For the MRI-to-TRUS registration application, all of the networks tested resulted in a median TRE between 2.6 mm and 2.9 mm, which is comparable to other segmentation-based registration methods in the literature (Narayanan et al., 2009, Hu et al., 2012, Zettinig et al., 2015). As shown by Van de Ven et al. (2013), a TRE of 3.1 mm or less is required to detect a clinically significant tumour volume. From the results presented in Table 4, the percentage of patients with a TRE smaller than 3.1 mm was 80%, 64%, 71%, 67%, 73% and 82% for UNet, VNet, HighRes3dNet, HolisticNet, Dense VNet and Adapted UNet respectively.
Moreover, we believe that the results from this work may corroborate the findings of a number of previous studies in which caution has been raised over the interpretation of the value of some segmentation metrics, and the resulting league table positions in segmentation challenges (Gibson et al., 2017a, Reinke et al., 2018). With evidence from the prostate segmentation in MRIs, we found that a statistically significant difference in the DSC between segmentations produced by two CNNs, does not necessarily lead to any detectable impact in other computational tasks within a clinical workflow that use these segmentations. As shown in Table 5, unlike in the DSC results, no statistically significant difference in BDs was found between the networks in this work using the ANOVA. This itself raises interesting questions for further comparison such as, “Does BDs correlate with GVEs more than it does with DSCs?” or “Is BD a better predictor of TRE than DSC is?”.
Our conclusions need to be considered with limitations such as data size, access to segmentation networks that are designed for these clinical applications and the choice of method using these segmentations. For instance, the registration algorithm used in this work is an open-source algorithm that produced acceptable registration results, but it may be interesting to compare with other methods with or without using segmentations. Also, in this work, we have focused on the performance of the segmentation networks in accuracy. Other aspects of the networks which could potentially also influence the clinical adoption, such as training- and inference time, have not yet been optimised and compared.
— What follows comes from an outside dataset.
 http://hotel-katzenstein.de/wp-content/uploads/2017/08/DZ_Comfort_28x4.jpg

With the increasing use of deep learning in medical imaging, especially with different networks which are proposed to be used in clinical practice, representing prediction uncertainty is of importance. The uncertainty can arise from noisy data, the sampling of training data, and uncertainty in the model parameters and the network structure (Gal, 2016). Although outside the current scope of this paper, it would be interesting to investigate and compare the impact of network uncertainties both on segmentation accuracy and subsequent clinical metrics in future research.
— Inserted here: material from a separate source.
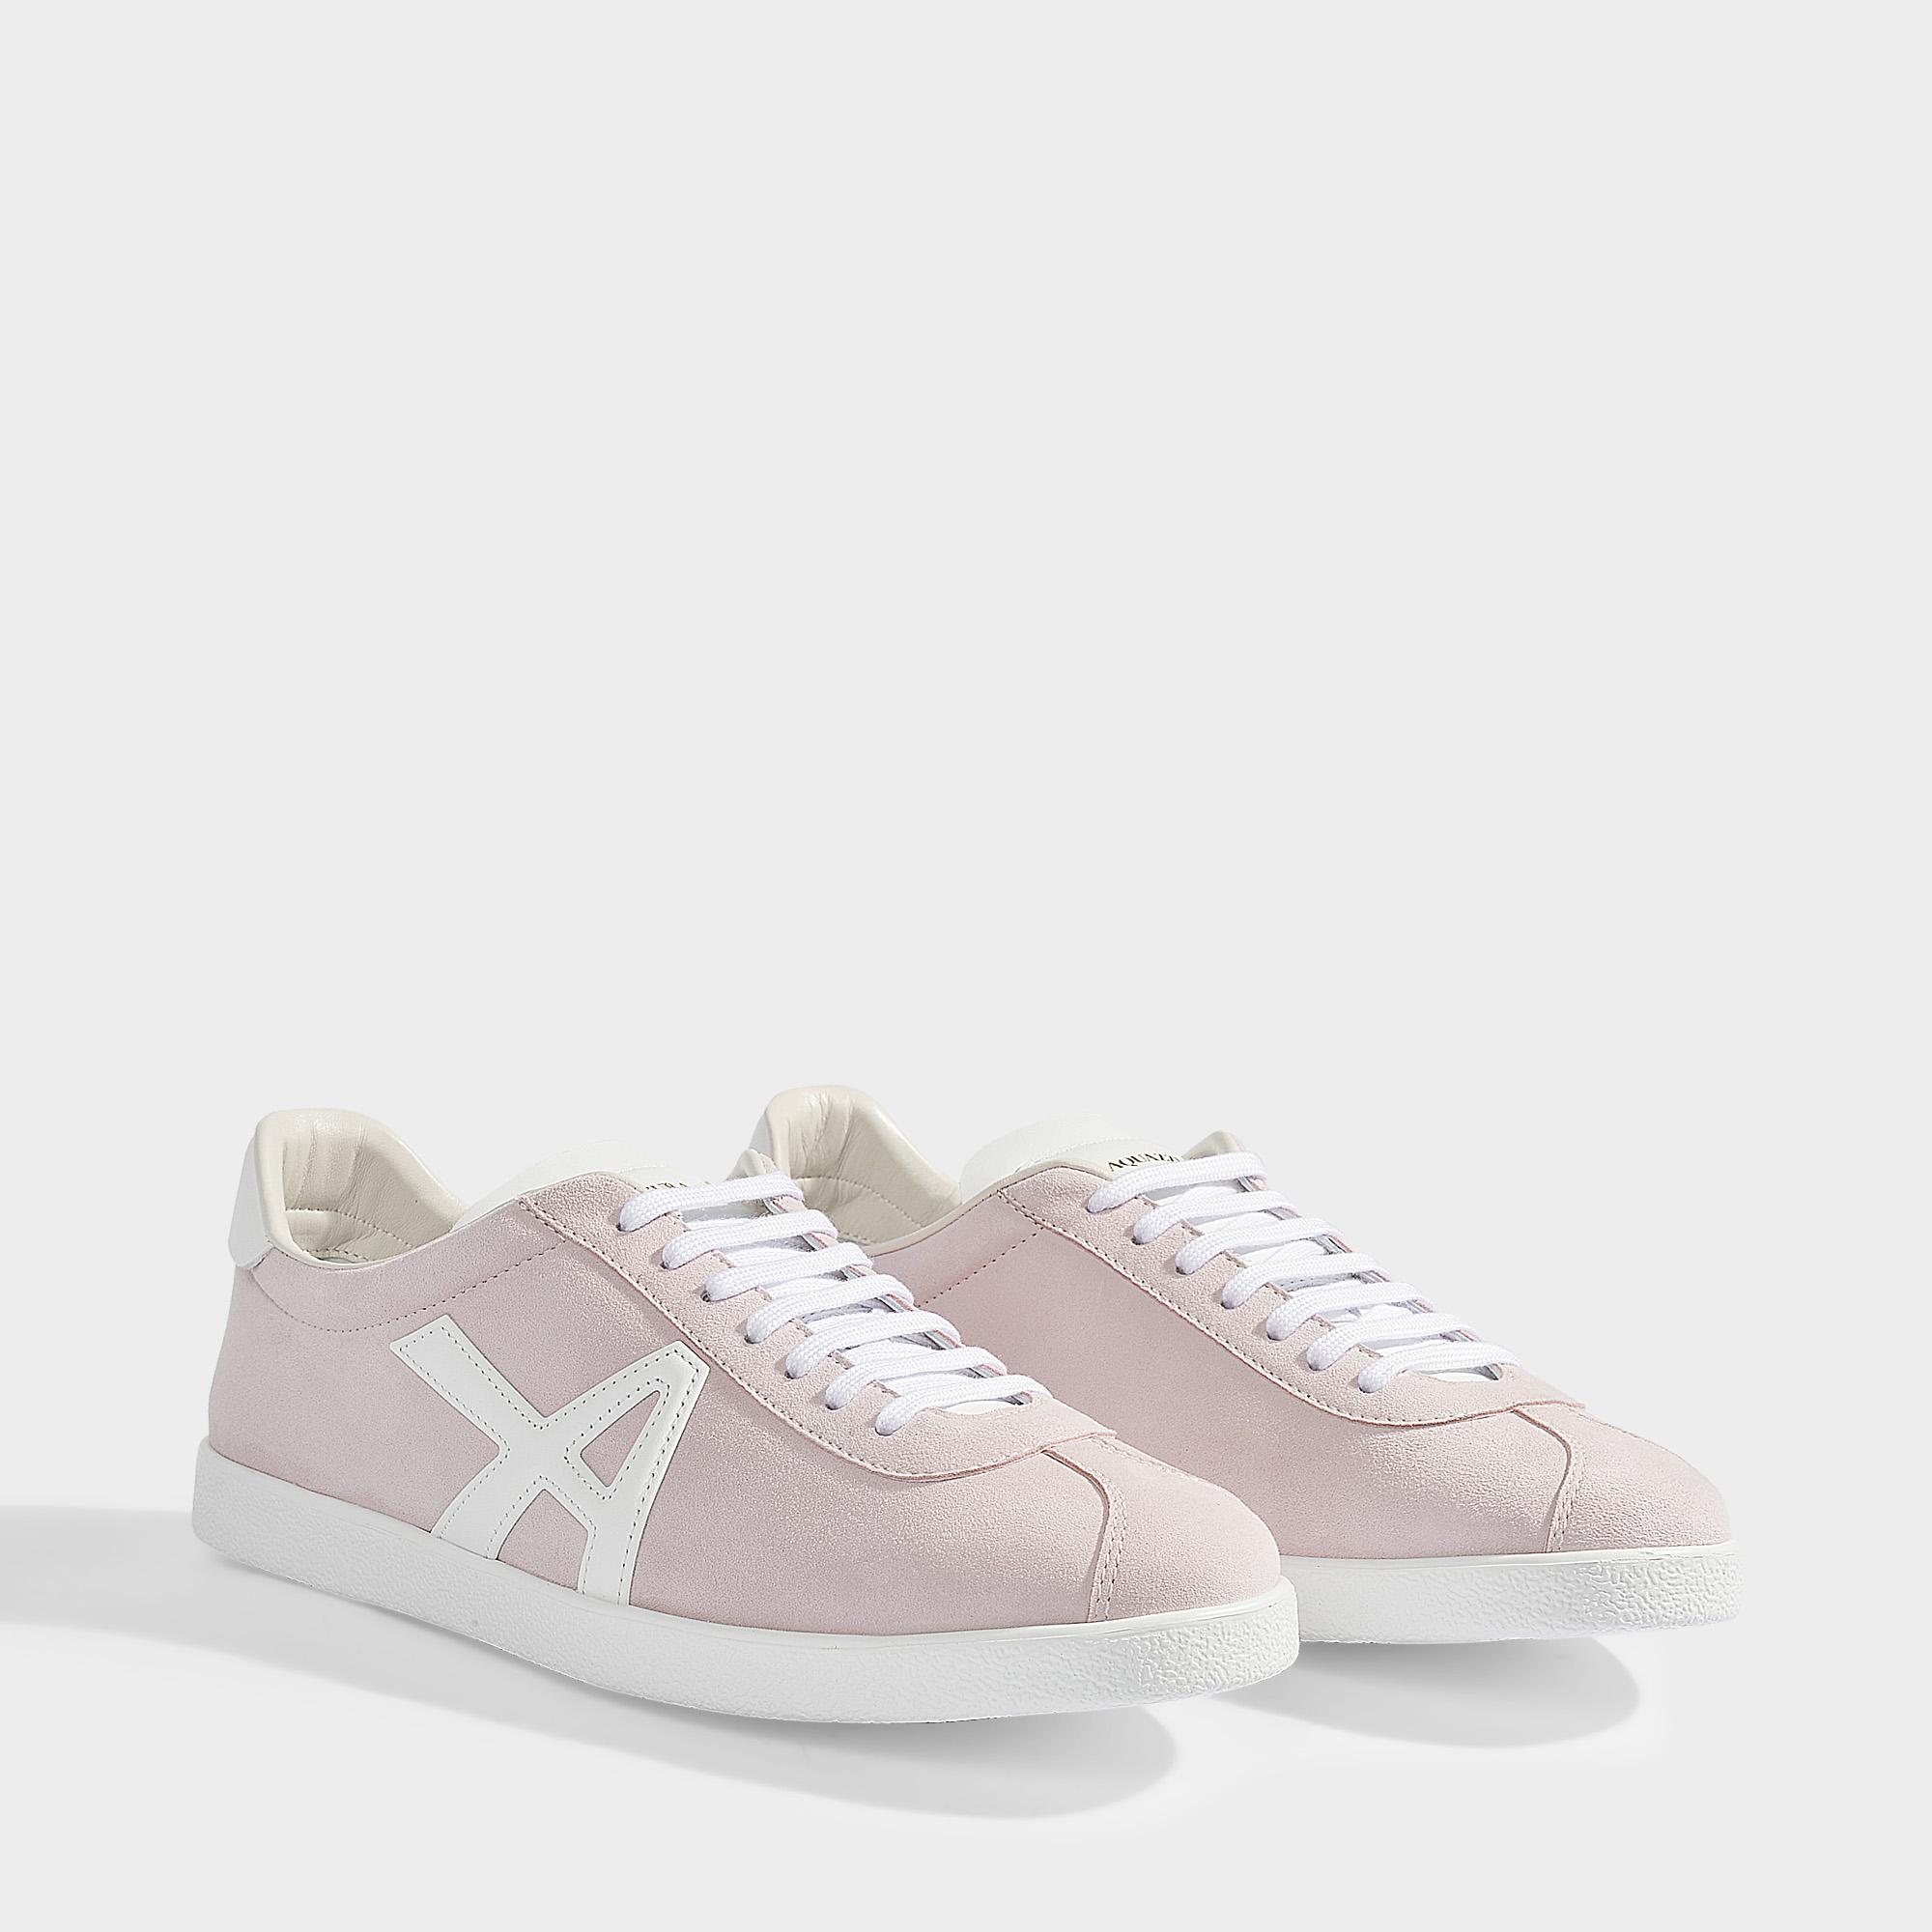 Aquazzura Und Rosa Weißem Wildleder A Sneakers The Aus Sneaker OuXZkiP

Established segmentation error metrics, such as the Dice Score, are useful for formulating loss functions for training learning-based algorithms, and for evaluating and comparing the segmentation accuracy of different network architectures. Therefore, the development of new architectures that are demonstrated to be more accurate using such measures remains a well-justified and important engineering goal. However, by reporting the quantitative results in real clinical applications investigated in this work, we hope it will influence the scope of future research and development to consider carefully the accuracy of specific downstream tasks of interest within a computational pipeline for the specific clinical application of interest. This work serves as a starting point for this shift by demonstrating that any found statistical significance cannot be generalised to downstream clinical tasks without further validation.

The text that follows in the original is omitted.